Beyond the immediate context, Israel deliberately breached the 2012 ceasefire brokered by Egypt, which mandated Israel to lift the siege on Gaza. Israel did the opposite. It tightened the siege. Since the fall of Morsi, Egypt joined Israelis in the effort to isolate Gaza, closing its borders, making the already unbearable situation catastrophic.
It is now the position of the Palestinian groups that Israel must first cease its onslaught on Gaza and honor its earlier agreements. Quieting the missiles in Gaza, without lifting the siege, will only mean more suffering to the crowded strip. Israel’s choice to violate its agreements and to focus its military campaign on residential areas is what defines the current conflict and manufactures the tragedy. The solution therefore lies in integrating Gaza through trade with the rest of the world.

The notion advanced in an article published today on the Foreign Policy’s website that Israel is compelled to pursue “an eye for a tooth” policy to establish deterrence is not only a disingenuous attempt to make palatable the cowardly mass killing of civilians. It is misguided in essence as well. Israel has exhausted all violent means to force Palestinians to submission and has so far earned neither rest nor reverence. Deterrence has always been an Israeli policy objective and has always failed. Despite its disproportionality, and Western praise of its efficient military establishment, Israel is not safer today than the time when it pursued deterrence against Palestinians armed mostly with stones. Rather than being a constructive course that would contribute to a peaceful future, Israeli attempts to bomb Palestinians to submission is only going to create further risks for its future generations and diminish the prospect for any peace. It is relatively cheaper for the Israelis to withdraw from the Occupied Territories in 1967 and to stop besieging Gaza from sea, air and ground.
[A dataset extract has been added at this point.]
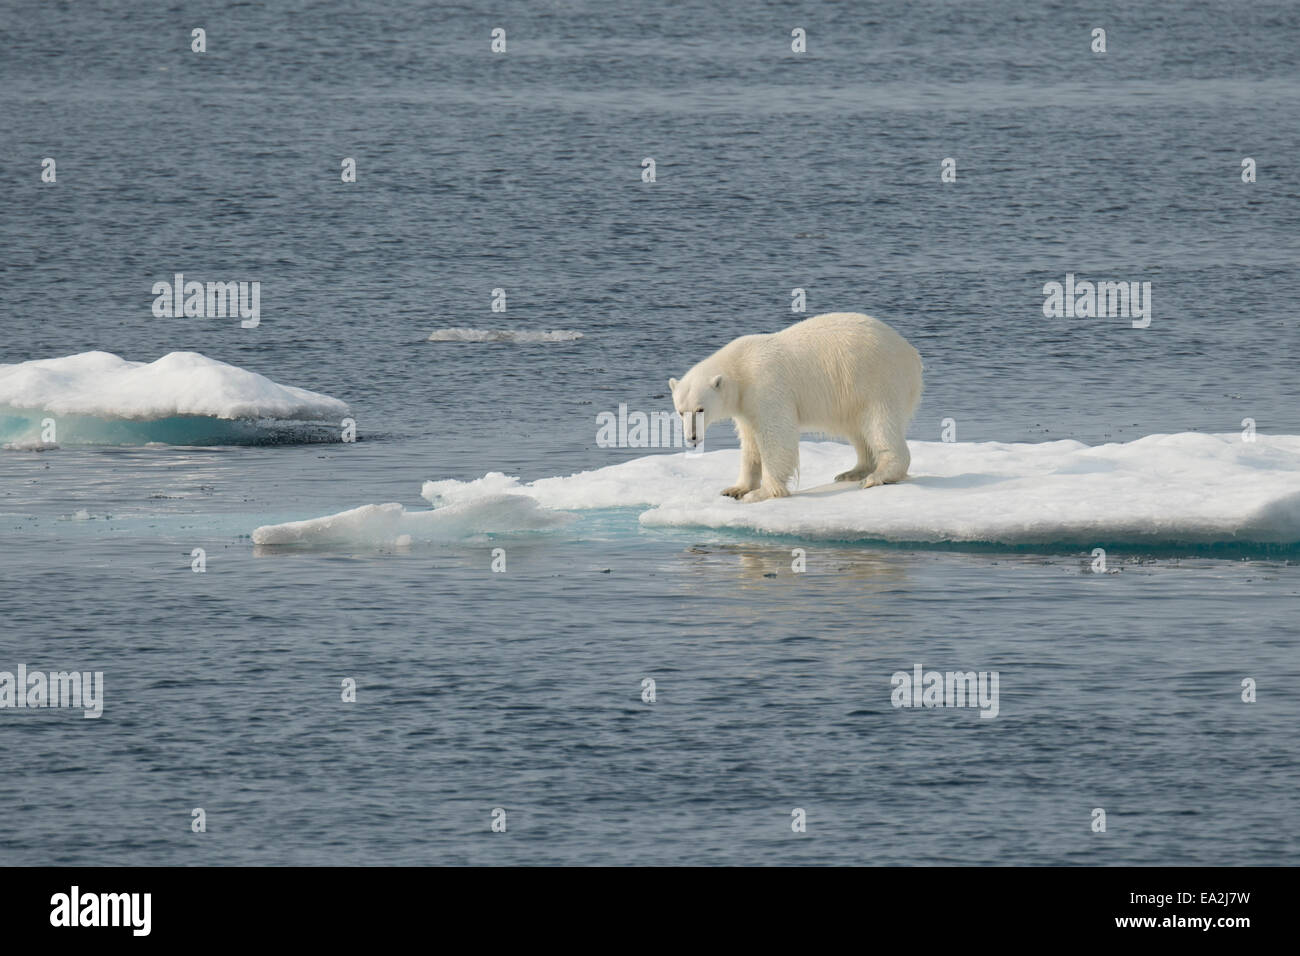 Male Polar Bear, Ursus maritimus, climbing on an iceberg after swimming, Baffin Island, Canadian Arctic. Stock Photo

Despite the factual errors about the 2006 war on Lebanon in FP’s article, the allusion to a parallel with Gaza is a stretch. Unlike Hezbollah in Lebanon, who kidnapped soldiers to trade for its prisoners in Israel, an objective it successfully achieved, the Palestinian Resistance is driven by a much bigger and, for that matter, a more just cause. Resistance against occupation is enshrined in all laws and highly regarded by all cultures (including the West whose moral superiority the FP’s article praises), and it is not going to stop regardless of what the outcome of the current killing spree in Gaza is. Israel’s deterrence has been eroding and whatever moral claims it had is also vanishing into thin air with every child blown to bits and pieces by its artillery or bombers. That trend will continue.
The Palestinians do not stand alone and the Israeli brutality will only rekindle the anti-Israeli sentiment in the region. The fact that many of the neighbors are either busy in their own civil wars or are shackled by despots is not a guarantee of a stable future. The region is going through a radical change, and within a decade, Israel will be fully surrounded by actors who are not fettered by fear of loss either of lives or infrastructure. Nor would these societies of warriors be shackled by the international conventions, which the Israelis and the Western governments backing them make mockery of at the moment, feeling that military superiority makes them beyond reproach.

What Israel is sowing today, it will surely harvest tomorrow, and no amount of pontification from Western missionary professors, driven by a contradictory mission to on the hand justify mass murder and on the other hand flaunt the supremacy of Western war ethics, will be of much use to them.